Währen die Solisten schon das Gros der Strecke hinter sich hatten, gab’s bei den Teams nach zwei Kilometern einen Zwischenfall: Ein Teilnehmer einer Viererstaffel musste mit Kreislaufproblemen aus dem Rennen genommen und von der DRK-Wasserwacht sowie der DLRG versorgt werden. Später, bei der Siegerehrung ergriff ein Teamkollege spontan das Mikro und sagte: „Danke für die tolle Absicherung, unserem Mitschwimmer geht’s schon wieder besser.“

Ohne Komplikationen indes erreichte der „flotte Barsch“ schließlich bei seinem fünften Start das Ziel in der Naturbadeanstalt Falkenwiese zum fünften Mal als Erster und wurde dort vom stolzen Sohnemann Neelay (5) empfangen. Deutlich abgeschlagen kam als Zweiter Nico Beuster (Hanse SV Rostock) nach 3:11:27 Stunden ins Ziel. Und als Dritter schwärmte Tobias Prüßner (TG Lage/3:17:52) nach kurzem Verschnaufen: „Bin überglücklich! Endlich hat’s mit einem Podestplatz geklappt. Auch bei meinem dritten Start hat der Wakenitzman nichts von seinem Reiz verloren.“

Bei den Frauen war die Entscheidung ungleich knapper: Die Kölnerin Kopp übernahm erst spät die Führung und lag am Ende mit 3:44:17 Stunden nur gut 200 m vor Hielscher (3:46:40), die Lampe (3:49:26) lediglich Bronze überließ.

Bei den Zweier-Staffeln gab es ein Kopf-an-Kopf Rennen zwischen den Kieler „Aalen“ und den „Seegurken“ aus Elmshorn. Am Ende hatten Kieler Tobias Behr und Frank Ribcke mit 3:21:59 Stunden knapp die Flossen vorn.

Stark: Maike Bünning und Lea Boy lösten nur acht (!) Sekunden nach den „Aalen“ das rote Blinklicht an der elektronischen Zeitnahme aus.

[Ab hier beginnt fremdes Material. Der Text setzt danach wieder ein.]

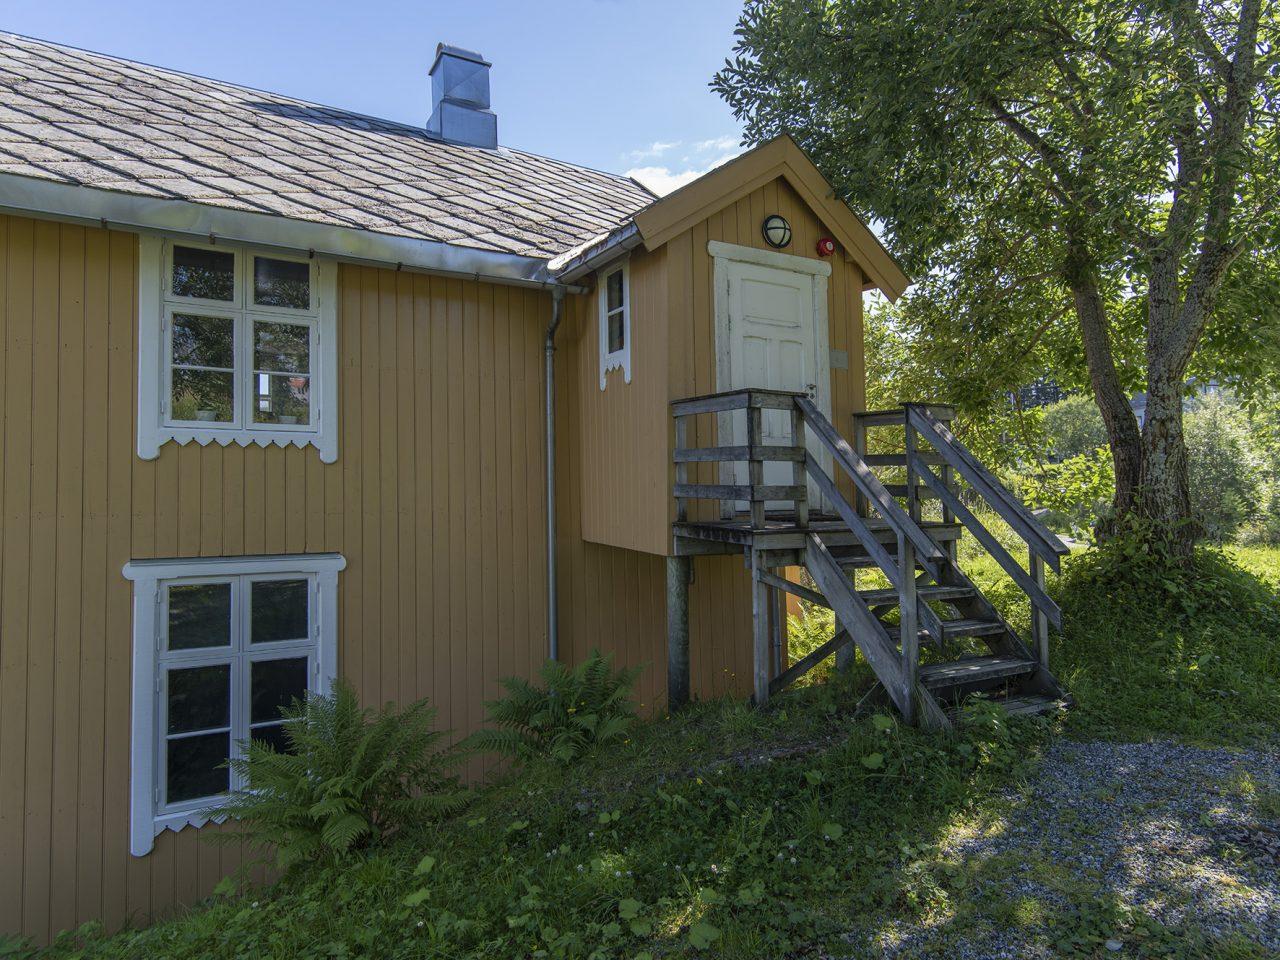 Bergh-brygga, Leirfjord

Dritter wurde ein lübsches Tri-Sport-Duo: Franziska Nicklas finishte in 3:32:17 Stunden, nachdem Maike Syassen auf der ersten Teilstrecke von Rothenhusen bis zum Wechsel in Müggenbusch geführt und mit einer unorthodoxen Verpflegungsmethode aufgewartet hatte.

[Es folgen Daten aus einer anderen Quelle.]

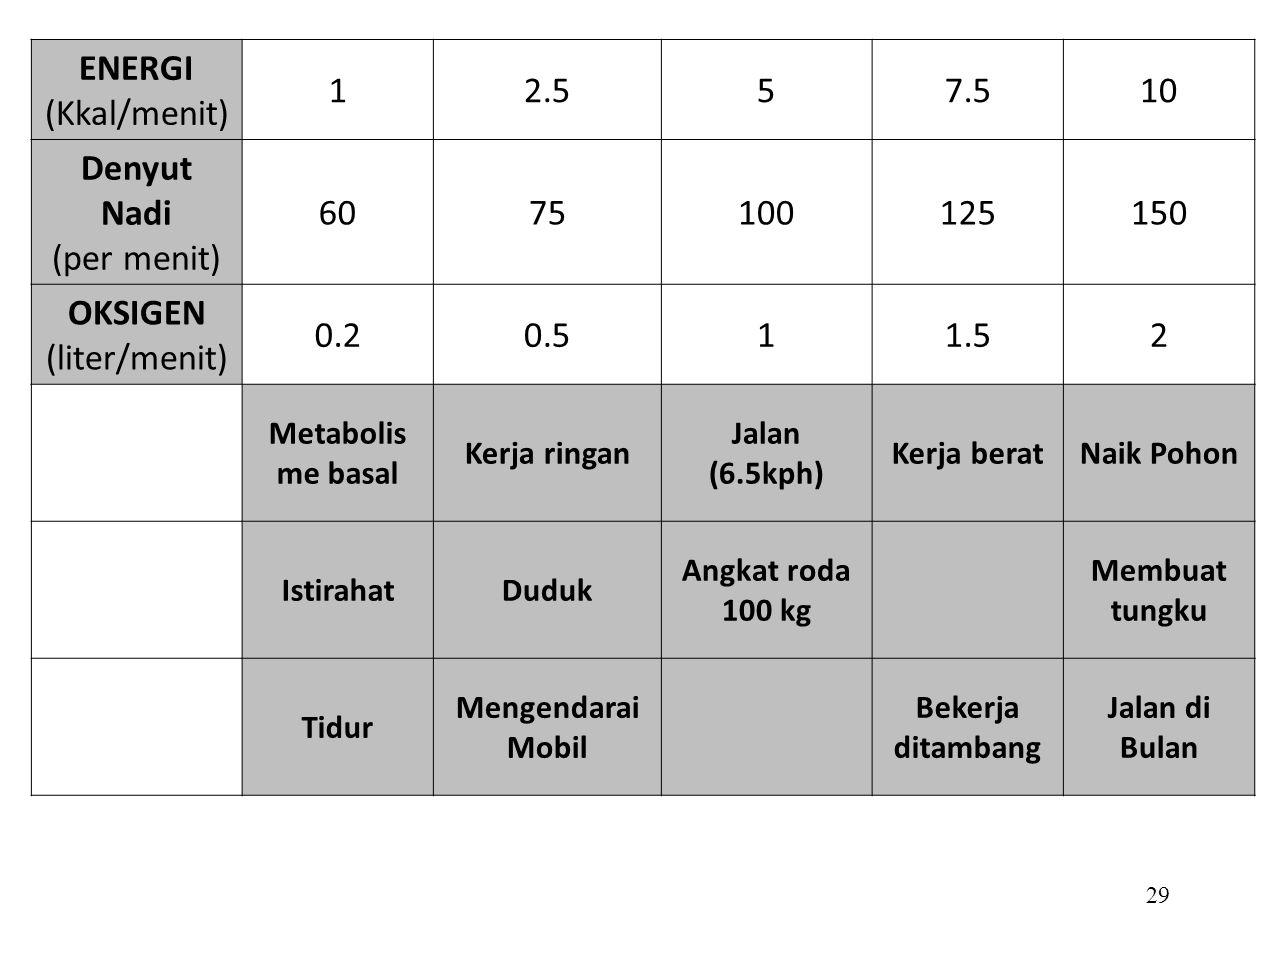 ENERGI (Kkal/menit) 1 2.5 5 7.5 10 Denyut Nadi (per menit) 60 75 100

Sie berichtete: „Das Wakenitz-Wasser war auf den ersten Kilometern so sauber und klar, dass ich während des Schwimmens immer mal wieder einen kleinen Schluck genommen und mir so fast die Verpflegung gespart habe.“

Bei den Viererstaffeln fiel die Entscheidung auch erst auf der Schlussetappe: „Lokomotive Troja“ hatte mit Ina Ziegler, Angela Delissen, Rainer Fritsche und Michael Prüfert mit 3:08:58 Std. am Ende nur 100 m Vorsprung vor dem Feuerwehrsportclub Lübeck (3:10:32) mit Torge Selle, Vanessa Martens, Fabian Kemeny und David Ellebrecht. Dritter wurde „Ping Julien“ (3:18:45) mit Larissa Wassmann, Frank Rauchfuß, Linda Pump und Vincent Gabalda.

Als sich um 15 Uhr das Naturbad nach der Siegerehrung so allmählich leerte, kam auch Orga-Chef Frank Schröder etwas zur Ruhe und befand: „177 Finisher, da können wir sehr zufrieden sein. Besonders bei den Rettungskräften und vielen Helfern möchte ich mich bedanken.“ Und dass auf den Urkunden noch die Jahreszahl 2015 prangte, rief bei dieser rundum gelungenen Veranstaltung lediglich kollektives Schmunzeln hervor.